Svend Robinson NDP Burnaby—Douglas, BC

Mr. Speaker, I will take a couple of minutes on this group of amendments to voice my very deep sense of concern and anger at the decision of the Liberal government to reverse the important work that was done by the standing committee on the environment. I want to pay tribute to the chair of that committee, the member for Davenport, a longstanding and very respected member of the House and a former minister of the environment, as well as all of the members of that committee from all sides of the House who worked long and hard to arrive at a consensus.

The debate around that legislation was vigorous even within our own caucus. We came to the conclusion that we could support it because of the fact there had been significant improvement in two key areas of the legislation, the area of habitat protection as well as the in the area of the very important decision around who would have the final word, scientists or politicians. There was significant improvement and strengthening of those provisions in response to representations from environmentalists and from Canadians across this land.

With those improvements, we were prepared to support the legislation, recognizing full well that in many important respects a lot more work could have been done to protect endangered species. Canadians wanted to see endangered species protected.

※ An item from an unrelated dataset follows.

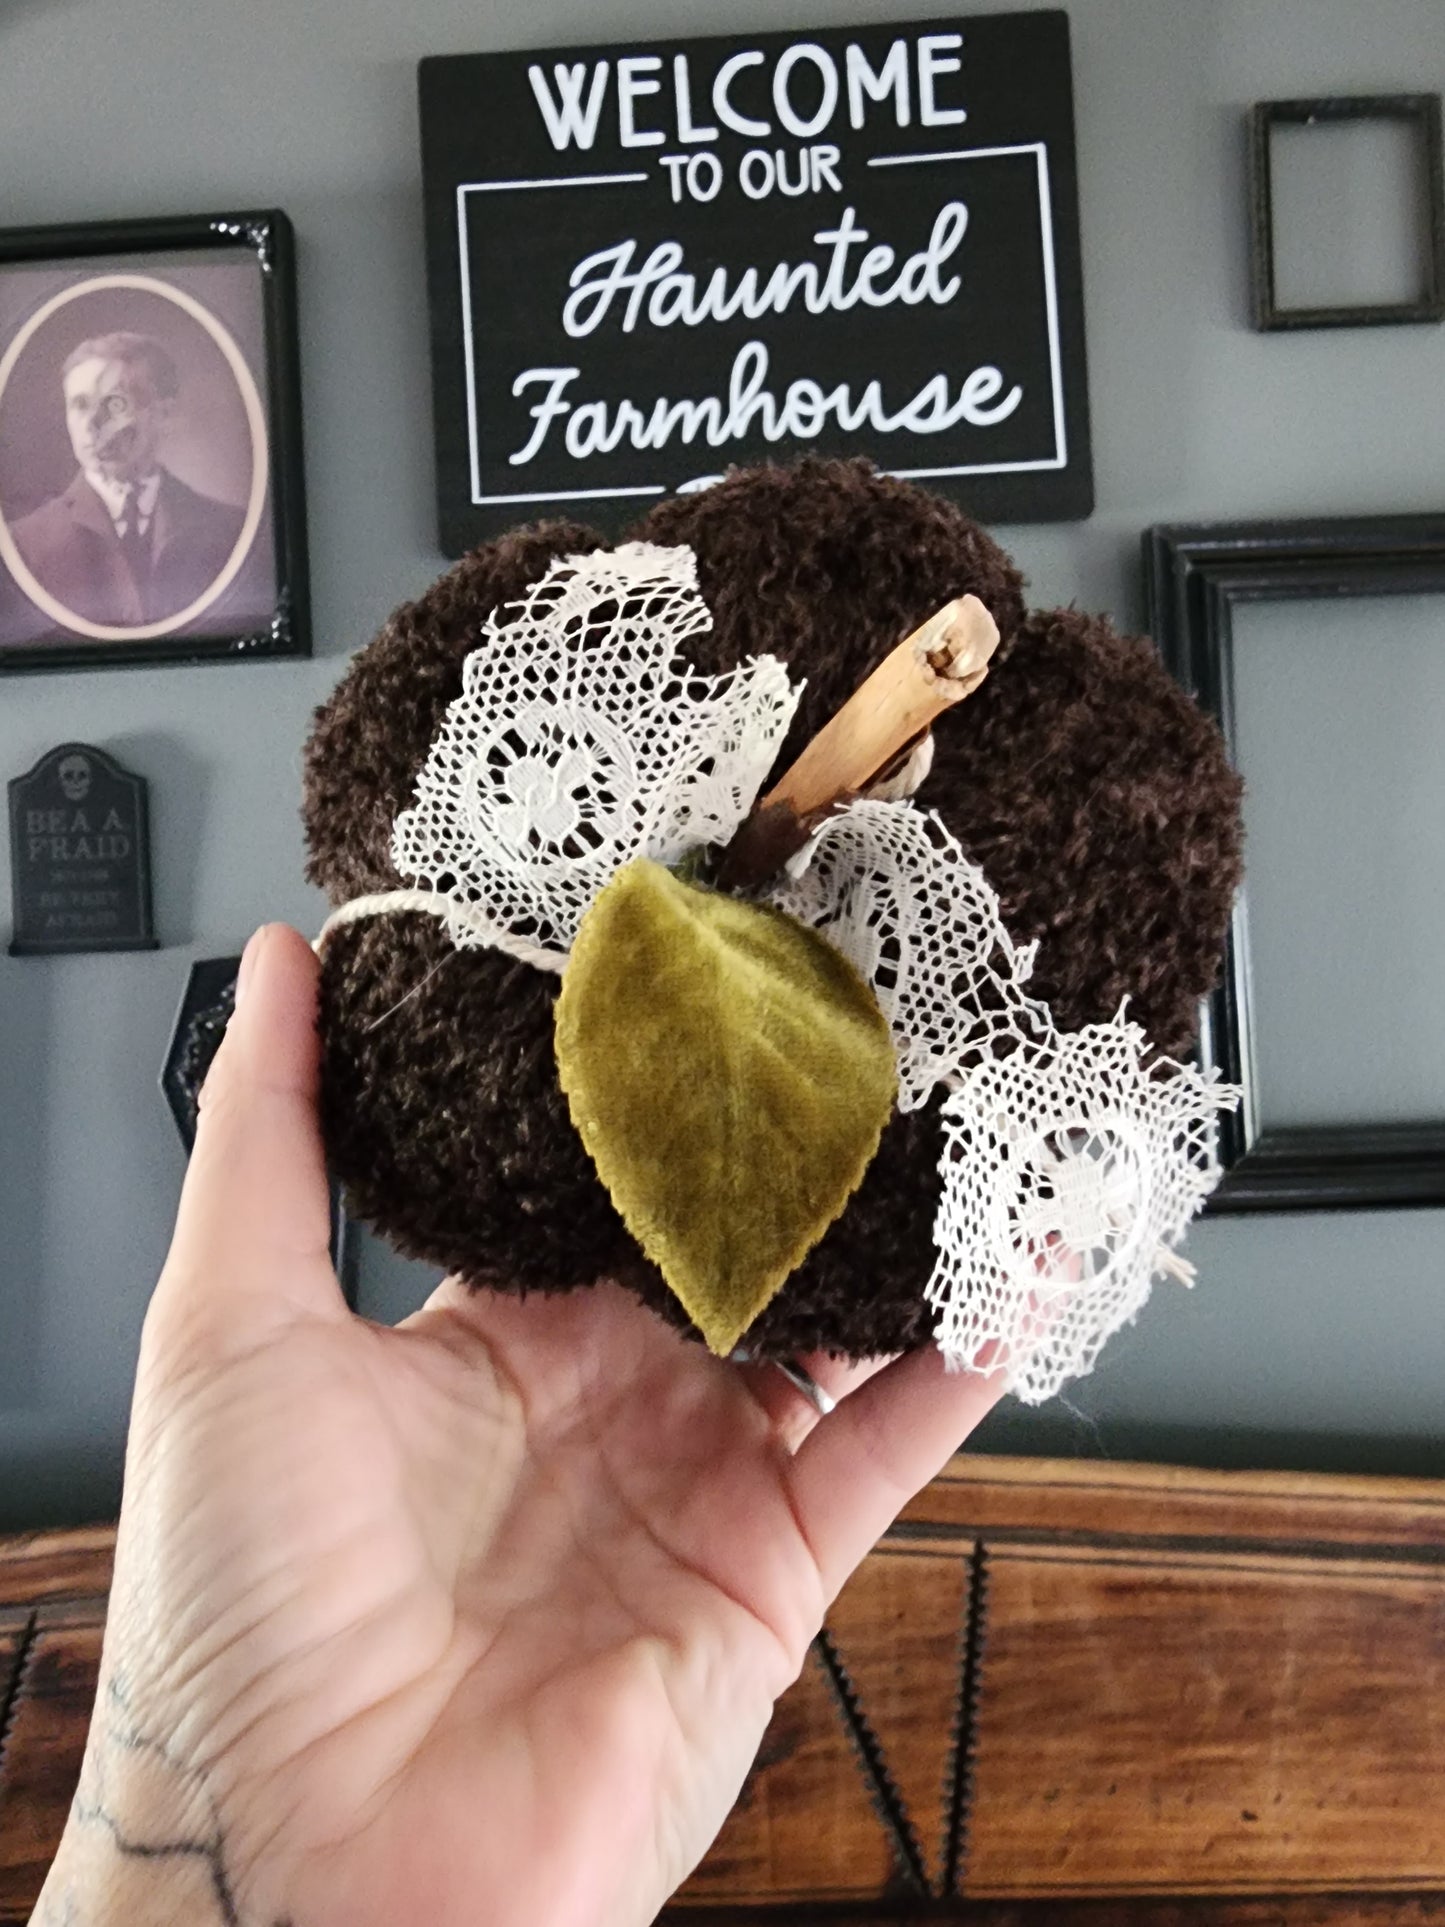 "Cafe Du Foret" Brown Knit Pumpkin Pillow Pouf with Vintage Ribbon and Vintage Velvet Leaf

That compromise was arrived at in good faith after literally hours and hours of intensive work, dialogue and hearings of the standing committee on the environment.

As well, that compromise was one that was supported by the Canadian Alliance. The representative of the Canadian Alliance on that committee voted in favour of the bill at report stage precisely because of the fact that they were able to arrive at that consensus. It was a consensus that included industry as well. It was quite extraordinary that they came on board and they did. Some of the major heads of industry together with Elizabeth May from the Sierra Club, the David Suzuki Foundation and others were prepared to say, yes, that this was a bill they could live with. While it was not perfect they were prepared to live with. That is all too rare.

What happened? The Minister of the Environment, my colleague from British Columbia, and quite obviously the Prime Minister's office as well, came in and said to hell with this agreement and to hell with all the work the committee did on these profoundly important issues and, in particular, on the key issues of the listing and scientific basis for that and the issue of habitat protection.

The member for York North, a hard working member of that committee from the government side, pointed out very eloquently that the government tore up that consensus, which is one of the most disgusting displays of contempt for parliament that I have ever witnessed. I have been here for a few years, but seldom has there ever been that kind of gross contempt for the work of a group of dedicated members of parliament from all parties.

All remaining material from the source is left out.